Excessive Apologies: How to Break the Cycle

Being a woman in my late 30s, I’ve consistently thought that courtesy is essential, which includes saying sorry when I think I’ve made a mistake. Even with a satisfying life, I’ve battled very little self-assurance. This mix of aiming to be considerate and doubting myself has turned me into someone who over-apologizes. Often, it happens so automatically that I’m unconscious of it. It comes from anxiety and has influenced both my personal and work life. It frustrates my loved ones and co-workers, and then I get annoyed when they mention it—which only worsens my anxiety.

Presenting and Questioning

This over-apologizing is especially concerning when it comes to public speaking or asking questions in front of people. I try to write everything down to stay focused and avoid going off-topic, but even that fails most of the time. As an starting scholar in political science, speaking confidently is crucial. I’ve attempted to tackle this through exposure therapy, such as leading sessions and compelling myself to ask questions at community gatherings, despite experiencing setbacks from experienced male academics. I’ve also tried waiting before speaking to become more mindful of when I’m apologizing, but this helps at first before I return to old habits.

Self-Acceptance

I don’t believe I’ll ever fully like myself, and I’ve made peace with that. I still appreciate life and find it meaningful. My main goal is to stop the constant apologizing. I’ve learned that counseling might support me, but I question how it can help in practice.

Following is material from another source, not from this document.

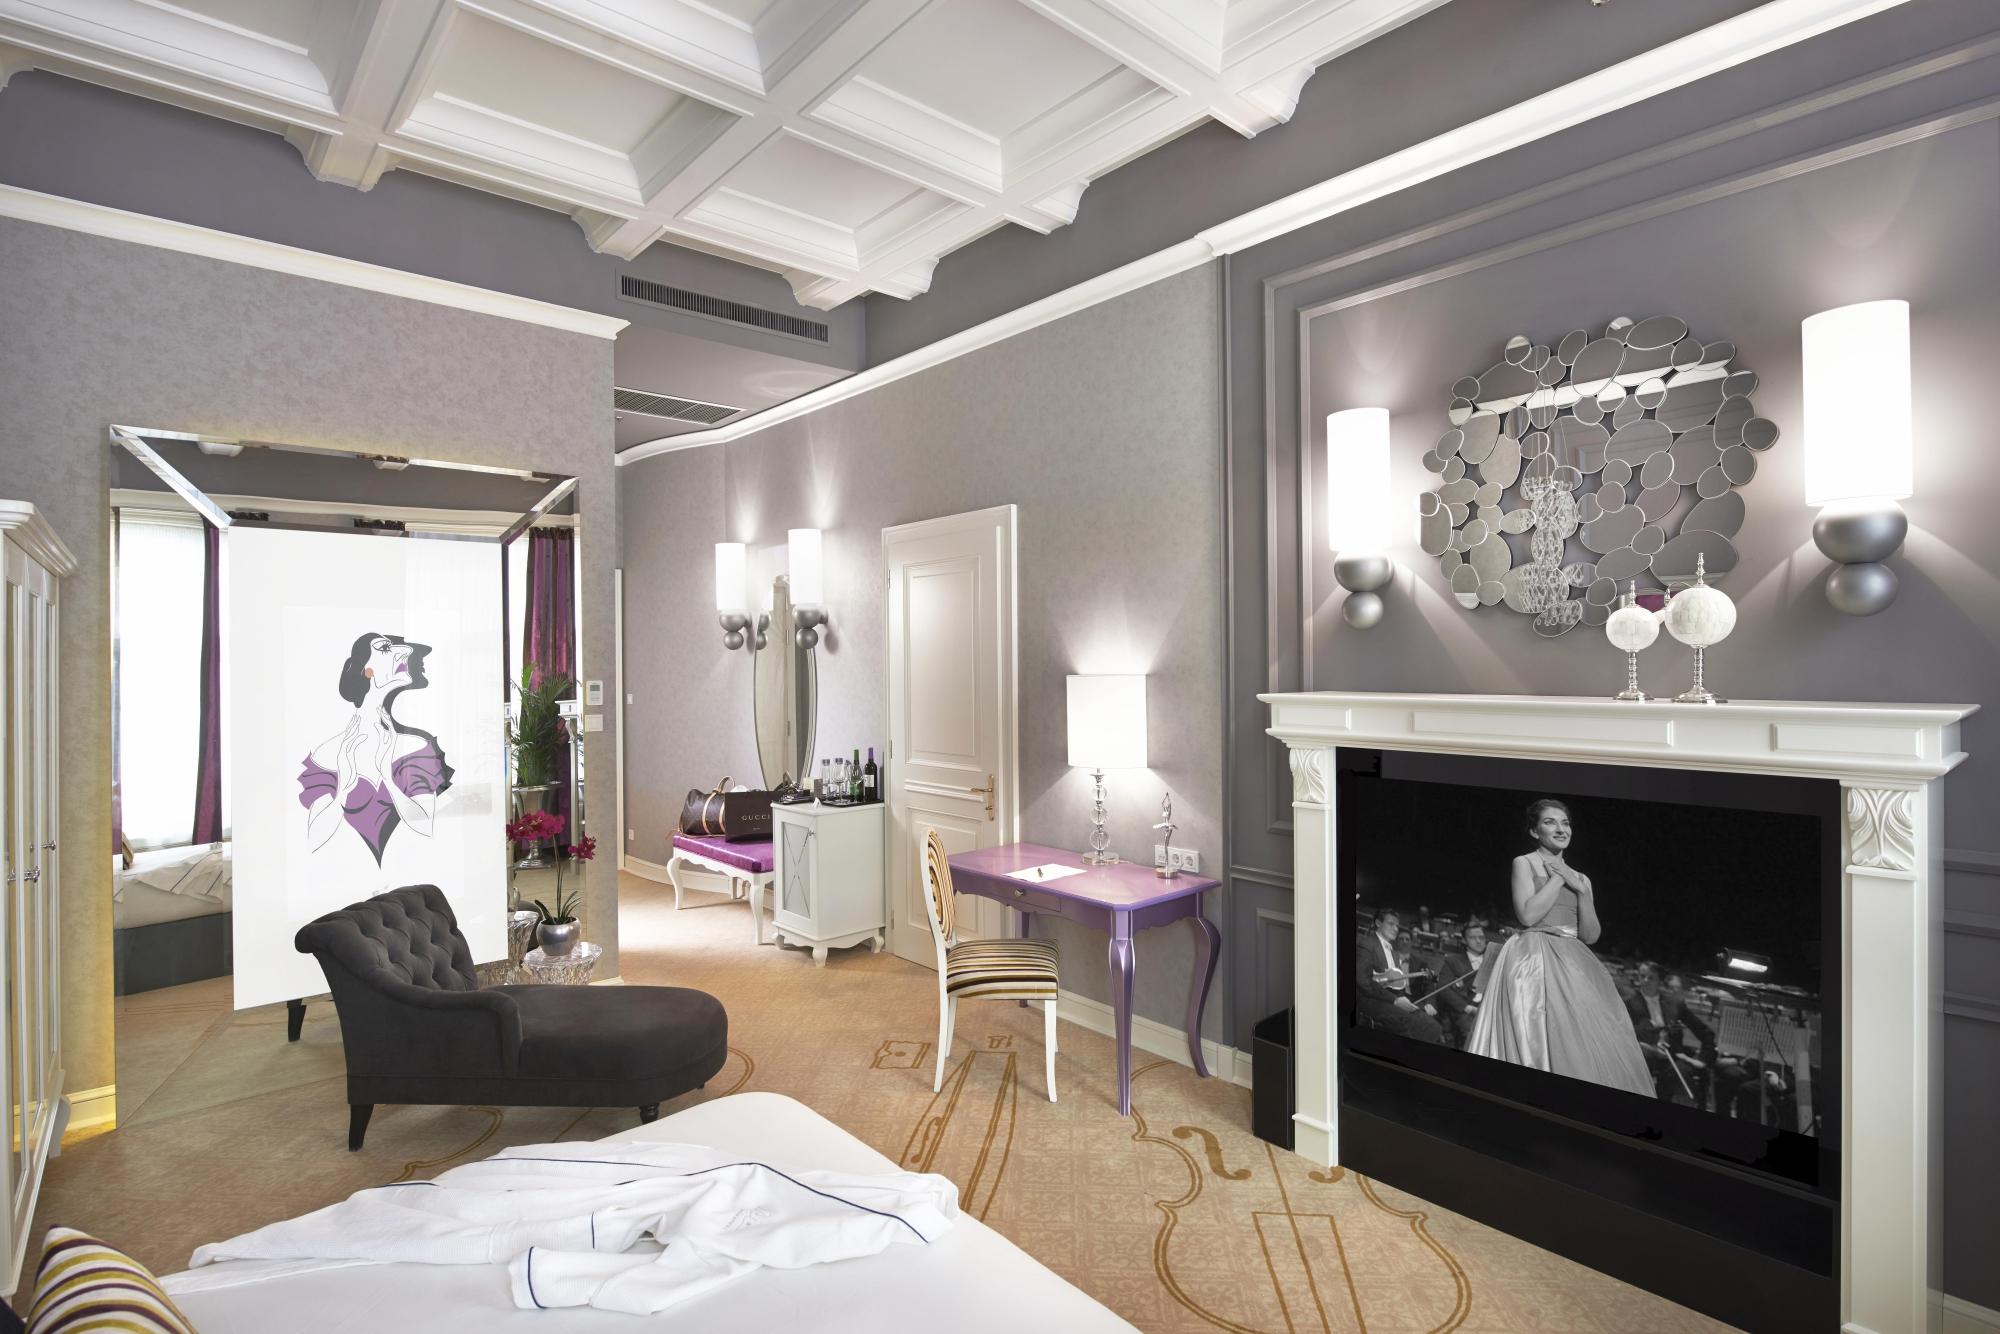 Hotel photo 1 of Aria Hotel Budapest by Library Hotel Collection.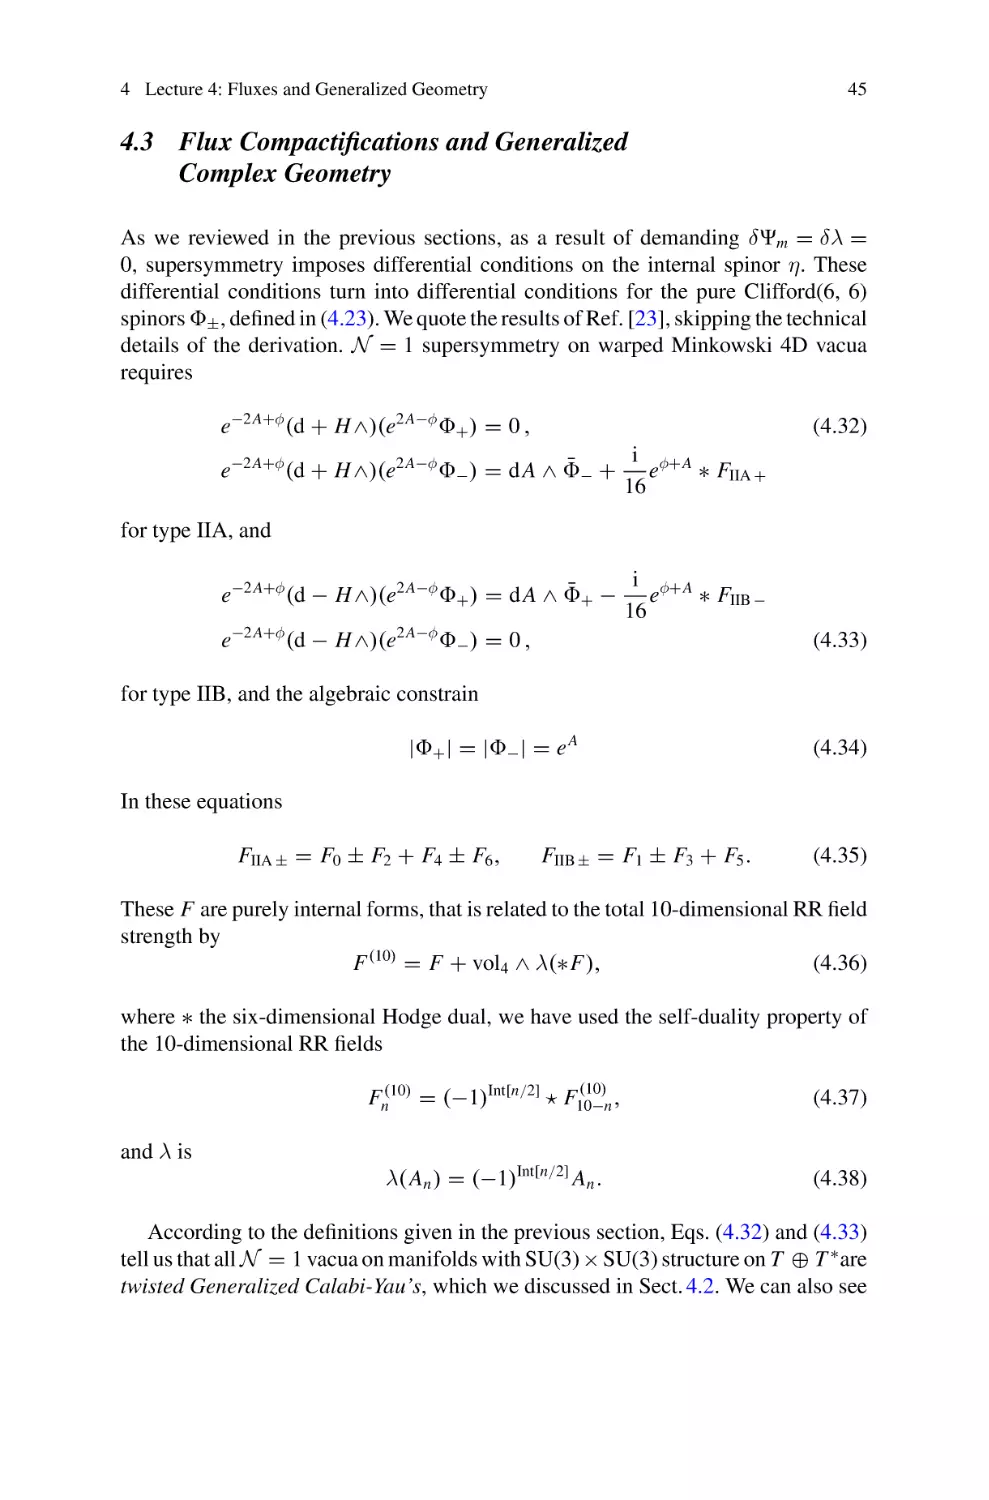 4.3 Flux Compactifications and Generalized  Complex Geometry

Apologizing is a important skill, but it must be used wisely. Too infrequent or too excessive, and you place a load on others.

Finding the Source

A therapist might explore where this habit comes from. Thoughts including, “How young were you when this started?” or “Was it internally driven or adopted from someone close to you?” Sometimes, early ways that once benefited us become unhelpful in adulthood.

In fact, some of your current behaviors could be seen as self-defeating. You are aware it bothers those around you, yet you keep doing it.

The Role of Therapy

When asked what professional guidance could do, one approach focuses on existing rather than striving. Much of good therapy is about self-awareness, not just fixing issues. A experienced counselor will supportively question you, offering a comfortable setting to consider and accept who you are.

Instead of facing fears head-on, a relational approach with a humanist therapist might be more helpful. This can help you reconnect to yourself and examine how you judge, disregard, and undermine yourself. It can assist in catching self-criticism, interrupting it, and finding more kind ways to see things. Your confidence can develop from there.

Practical Steps

Changing ingrained patterns is difficult, especially in stressful moments when apologizing feels like a automatic response. But you can start by reflecting on how saying sorry serves you and what it would be like to not apologize. Often, it’s an effort to avoid shame or being seen, by admitting perceived mistakes before others do. This can create a loop of irritation and worry.

Even reflecting afterward can be helpful. Try pausing briefly before responding, or use a stock phrase instead of “I’m sorry.” For example, saying “I see” can make others feel understood without you taking blame.

This approach will take time, but admitting there’s an issue is a crucial first step toward growth.

Erica Dickson
Erica Dickson

Elara is a digital artist and designer passionate about blending technology with creativity to inspire others.